Israeli police are not suggesting Packer will be charged with anything, but connection with Netanyahu’s scandal is not a good look. Hit by China’s crackdown on his high-roller customers, Packer has sold out of Macau and Las Vegas to concentrate on his existing Melbourne and Perth casinos, and his controversial casino-hotel-apartment project in Sydney’s Barangaroo precinct.
Hemmed in by tighter sanctions applied by China and worried about Donald Trump’s threats of a pre-emptive strike on his nuclear facilities, North Korea’s Kim Jong-un made a deft move out of the playbook written by his late father, Kim Jong-il, turning on a charm offensive at the Winter Olympics in South Korea.
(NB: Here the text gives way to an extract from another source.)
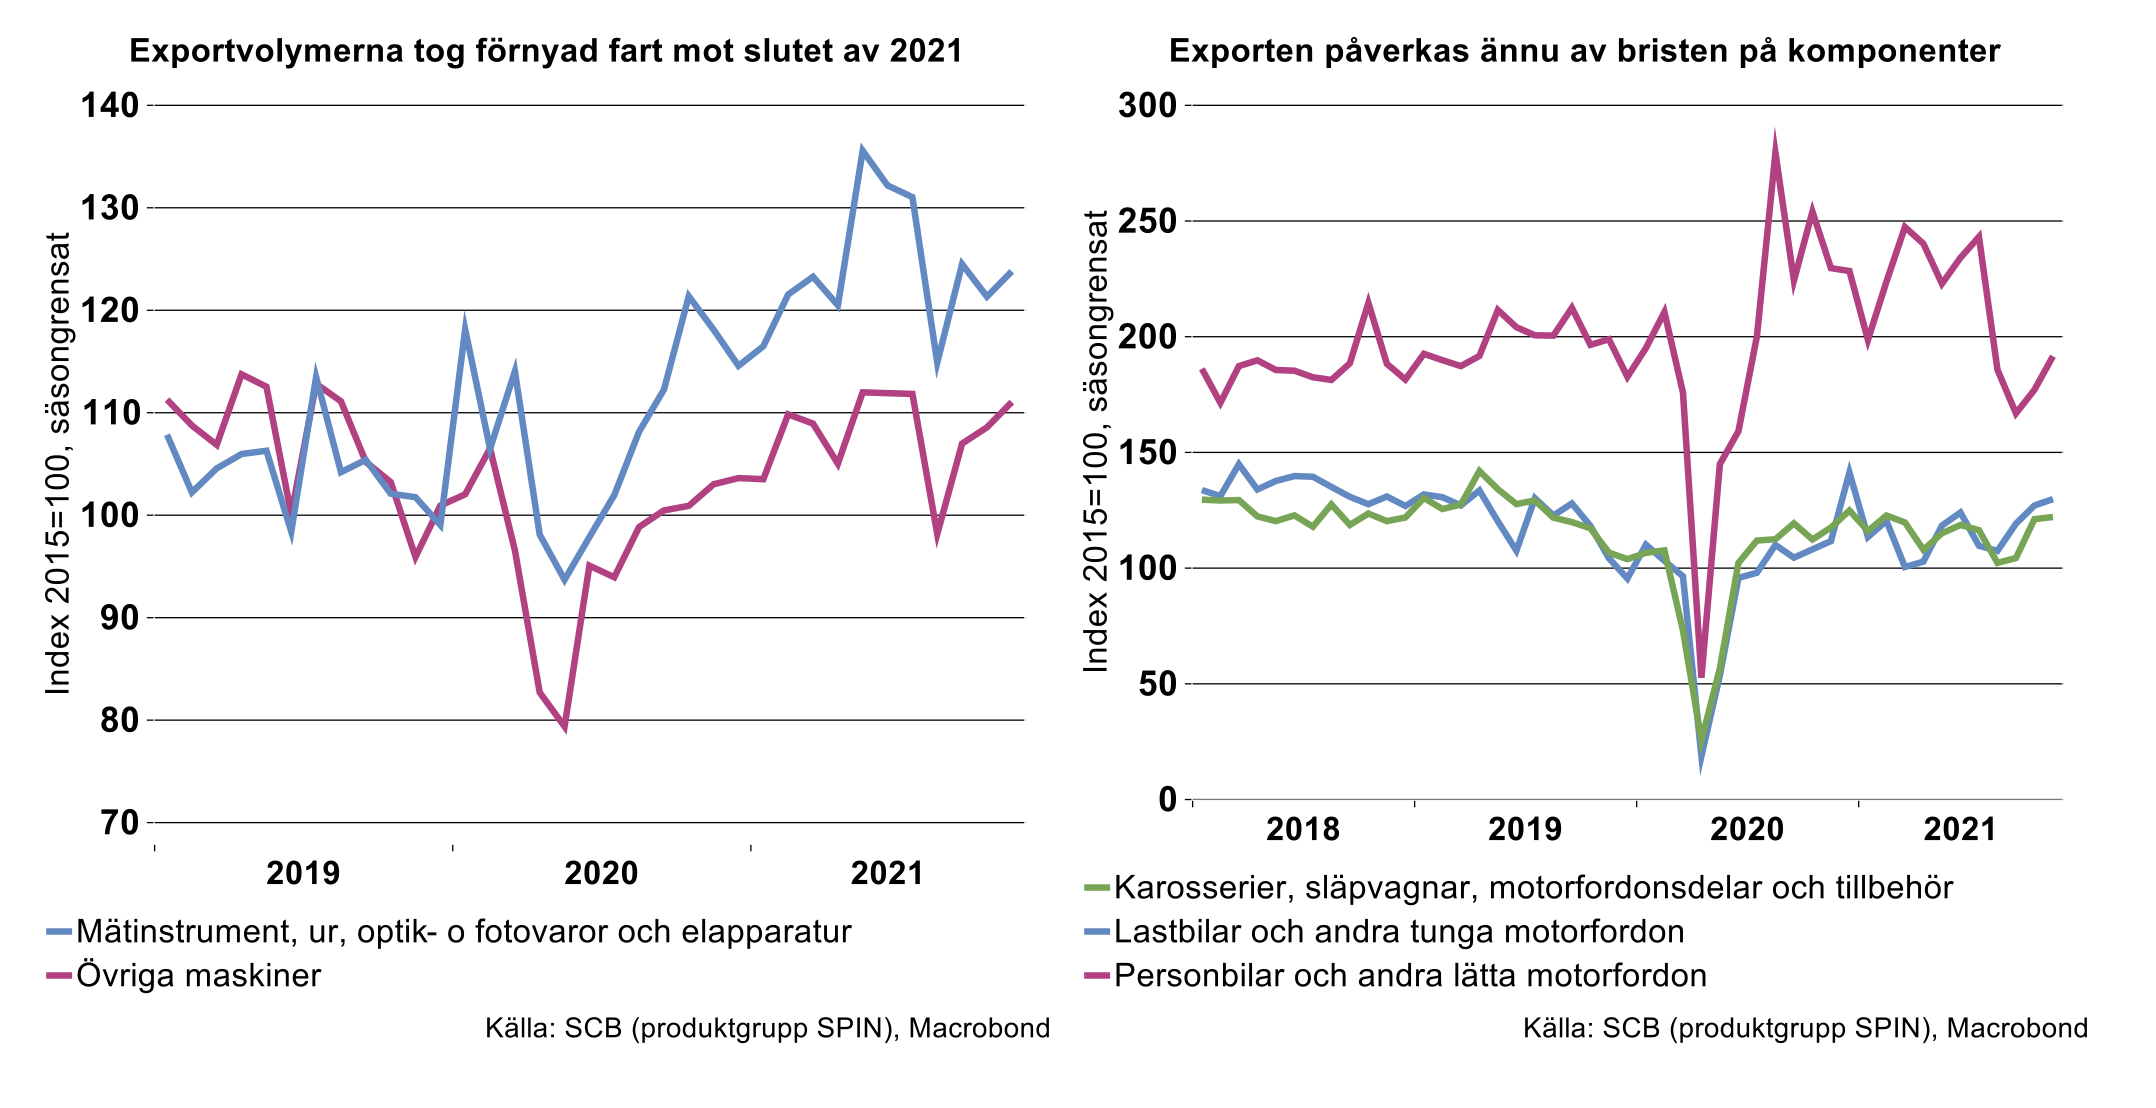 exportvolymerna-tog-fornyad-fart-mot-slutet-av-2021.png

For the opening last weekend he sent the most senior figures to visit Seoul since the North Korean People’s Army briefly captured Seoul in 1950 at the start of the Korean War. They were led by the ceremonial head of state, Kim Yong-nam, but more daringly, in a flourish of dynastic royalty, his younger sister, Kim Yo-jong.
In addition there were athletes for joint teams with the south in some events, a squad of young female supporters chosen for their good looks, and a cultural group. While many are aware of the cynicism behind it, South Koreans are susceptible to all of this. The royal Ms Kim got a meeting with President Moon Jae-in and passed on an invitation from her big brother for him to visit Pyongyang. She looked serene, sitting just behind US Vice President Mike Pence, who looked as awkwardly stiff as if he’d found himself dining alone with a woman who is not his wife, a practice he avoids.
It all buys time for Pyongyang to work on its nuclear forces. If he goes to Pyongyang, Moon would be treading the “Sunshine Diplomacy” path of his late predecessor Kim Dae-jung, who had to secretly fork out $US500 million to get his Nobel peace prize-winning meeting with Kim Jong-il, and then was portrayed by the north as supplicant to the truly Korean regime.
As widely expected, Trump has nominated the commander of the US Pacific fleet, Admiral Harry Harris, as new ambassador to Australia, filling a post vacant for some 15 months. One old Australian acquaintance unlikely to be invited to the embassy’s July 4 party is David Hicks.
Harris was commander of the US base at Guantánamo Bay, Cuba, and the internment camp for al-Qaeda prisoners between March 2006 and June 2007. This covered the last year of Hicks’s internment at Guantánamo, which began after being arrested in Afghanistan trying to escape in late 2001 where he’d been involved with Islamist militants. After pleading guilty to aiding terrorism in a military kangaroo court, Hicks was repatriated to Australia in May 2007 and held in an Adelaide prison until the end of that year.
His time at “Gitmo” was a period when “enhanced interrogation” techniques were in full swing. Harris was a tough commander. When three detainees hanged themselves, he said it was not the result of maltreatment. “I believe this was not an act of desperation, but an act of asymmetrical warfare waged against us,” he said at the time. Some years back your world editor made a freedom of information request for the reports on consular visits to Hicks by the Australian embassy in Washington. The resulting documents were so black with redactions as to be meaningless.
Harris will no doubt be a polished ambassador and learn not to embarrass his host government by publicly urging gestures against China’s moves in the South China Sea. Beijing hasn’t helped itself with racial taunts that his Japanese ancestry (through his mother) is to blame. His background at Gitmo will be a plus for some elements in Canberra.